Custom application metrics

You can add custom metrics to track business-specific operations:

import io.micrometer.core.instrument.MeterRegistry;
import io.micrometer.core.instrument.Counter;
import org.springframework.stereotype.Service;

@Service
public class OrganizationService {
    private final Counter organizationCreatedCounter;
    
    public OrganizationService(MeterRegistry registry) {
        this.organizationCreatedCounter = Counter
            .builder("organizations.created")
            .description("Number of organizations created")
            .tag("type", "business")
            .register(registry);
    }
    
    public void createOrganization(Organization org) {
        // ... business logic ...
        organizationCreatedCounter.increment();
    }
}

Access custom metrics:

curl http://localhost:8080/actuator/metrics/organizations.created

Production monitoring setup

Integrate OrgStack with popular monitoring platforms for comprehensive observability.

Prometheus integration

Prometheus is a popular open-source monitoring system that works seamlessly with Actuator.

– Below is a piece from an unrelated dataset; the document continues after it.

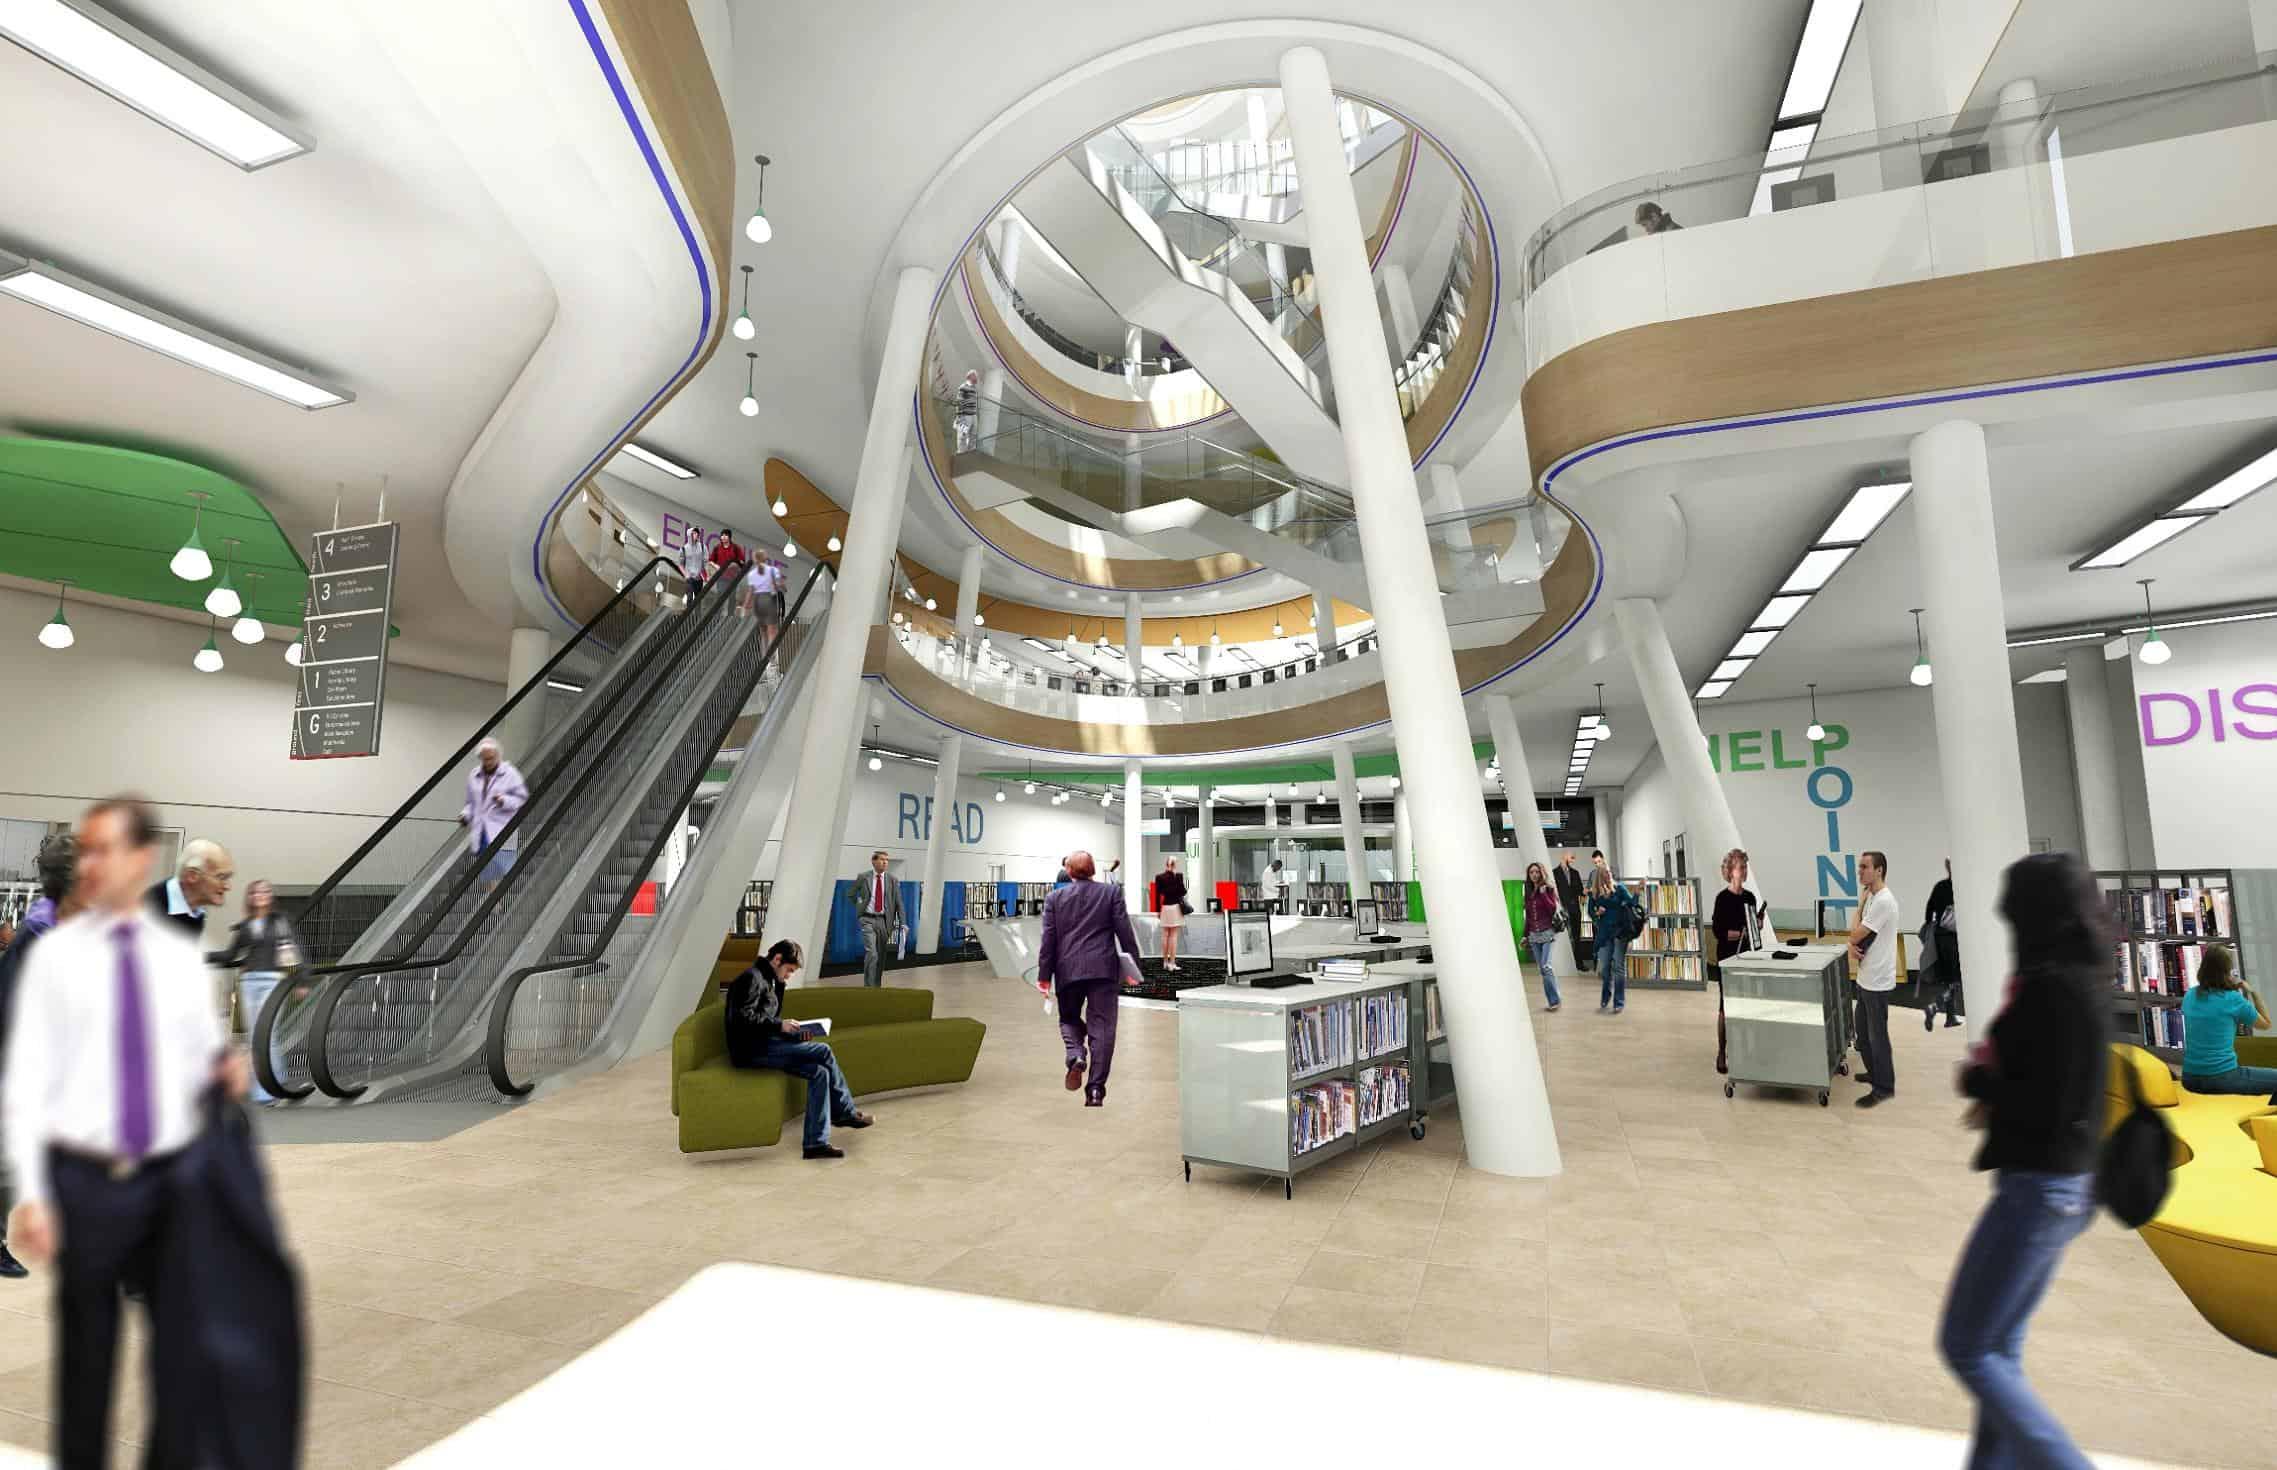 central-library-entrance-atrium-resized
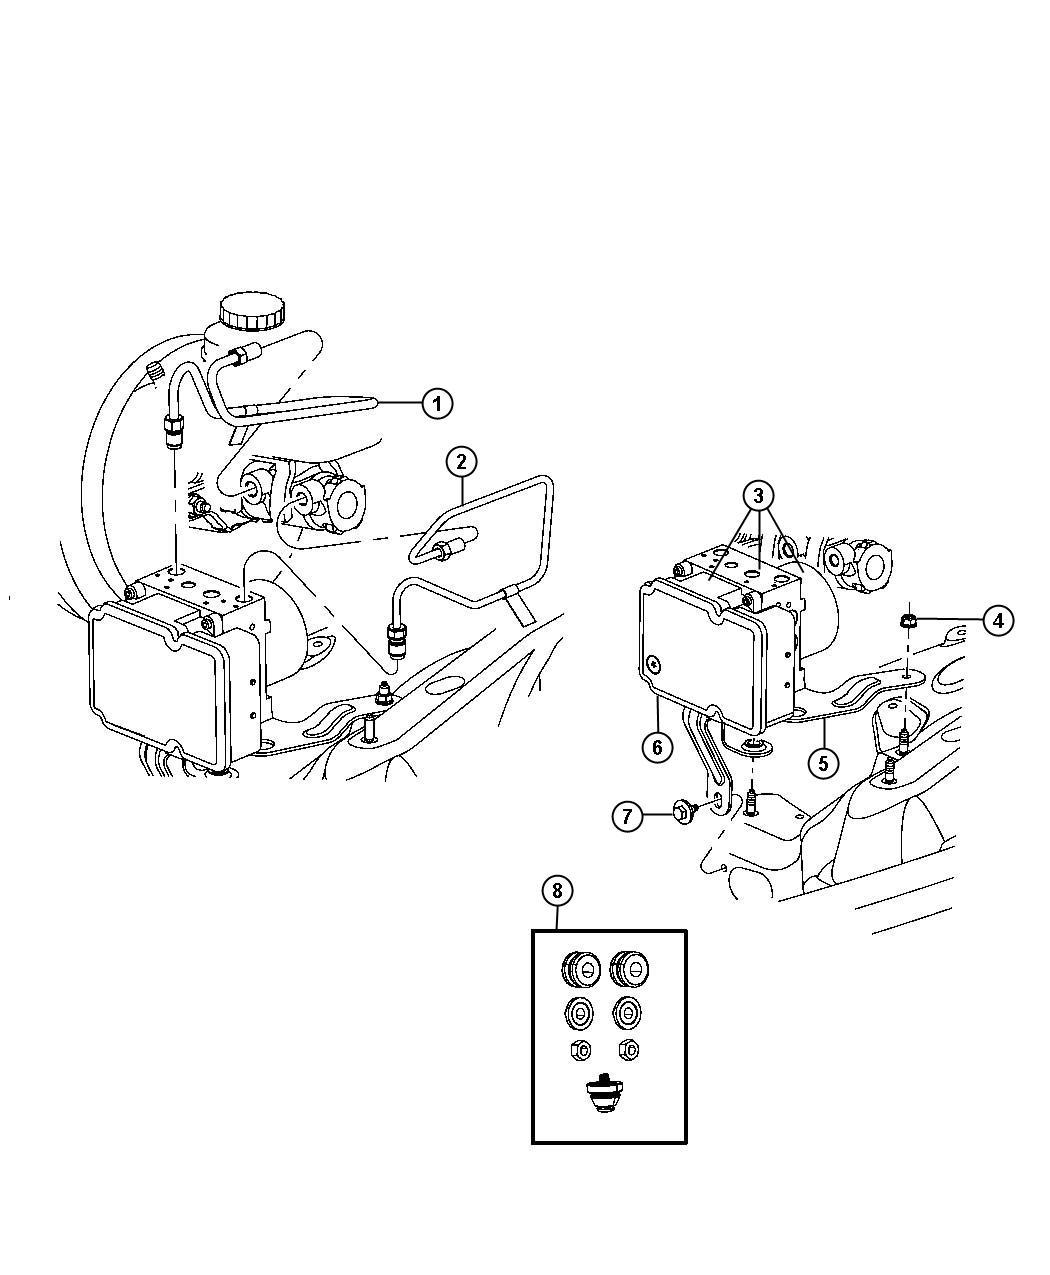 Jeep Liberty Control unit. Anti-lock brake. Stability

Add Micrometer Prometheus dependency

Update pom.xml:

<dependency>
  <groupId>io.micrometer</groupId>
  <artifactId>micrometer-registry-prometheus</artifactId>
</dependency>

Enable Prometheus endpoint

Add to application.properties:

management.endpoints.web.exposure.include=health,info,metrics,prometheus
management.metrics.export.prometheus.enabled=true

Verify Prometheus metrics

curl http://localhost:8080/actuator/prometheus

This returns metrics in Prometheus format:

# HELP jvm_memory_used_bytes The amount of used memory
# TYPE jvm_memory_used_bytes gauge
jvm_memory_used_bytes{area="heap",id="G1 Eden Space",} 1.2345678E7

Configure Prometheus scraping

Add to prometheus.yml:

scrape_configs:
  - job_name: 'orgstack'
    metrics_path: '/actuator/prometheus'
    static_configs:
      - targets: ['localhost:8080']
    scrape_interval: 15s

Grafana dashboards

Visualize metrics with Grafana:

Add Prometheus as data source

In Grafana, navigate to Configuration > Data Sources > Add data source > Prometheus

Import Spring Boot dashboard

Use the community dashboard for Spring Boot 2.x:

Dashboard ID: 11378 (JVM Micrometer)
Dashboard ID: 12900 (Spring Boot 2.x Statistics)

Create custom panels

Add panels for OrgStack-specific metrics:

Organization creation rate
User registration trends
API endpoint latency percentiles
Database query performance

Grafana provides alerting capabilities. Set up alerts for critical metrics like high memory usage, slow response times, or database connection pool exhaustion.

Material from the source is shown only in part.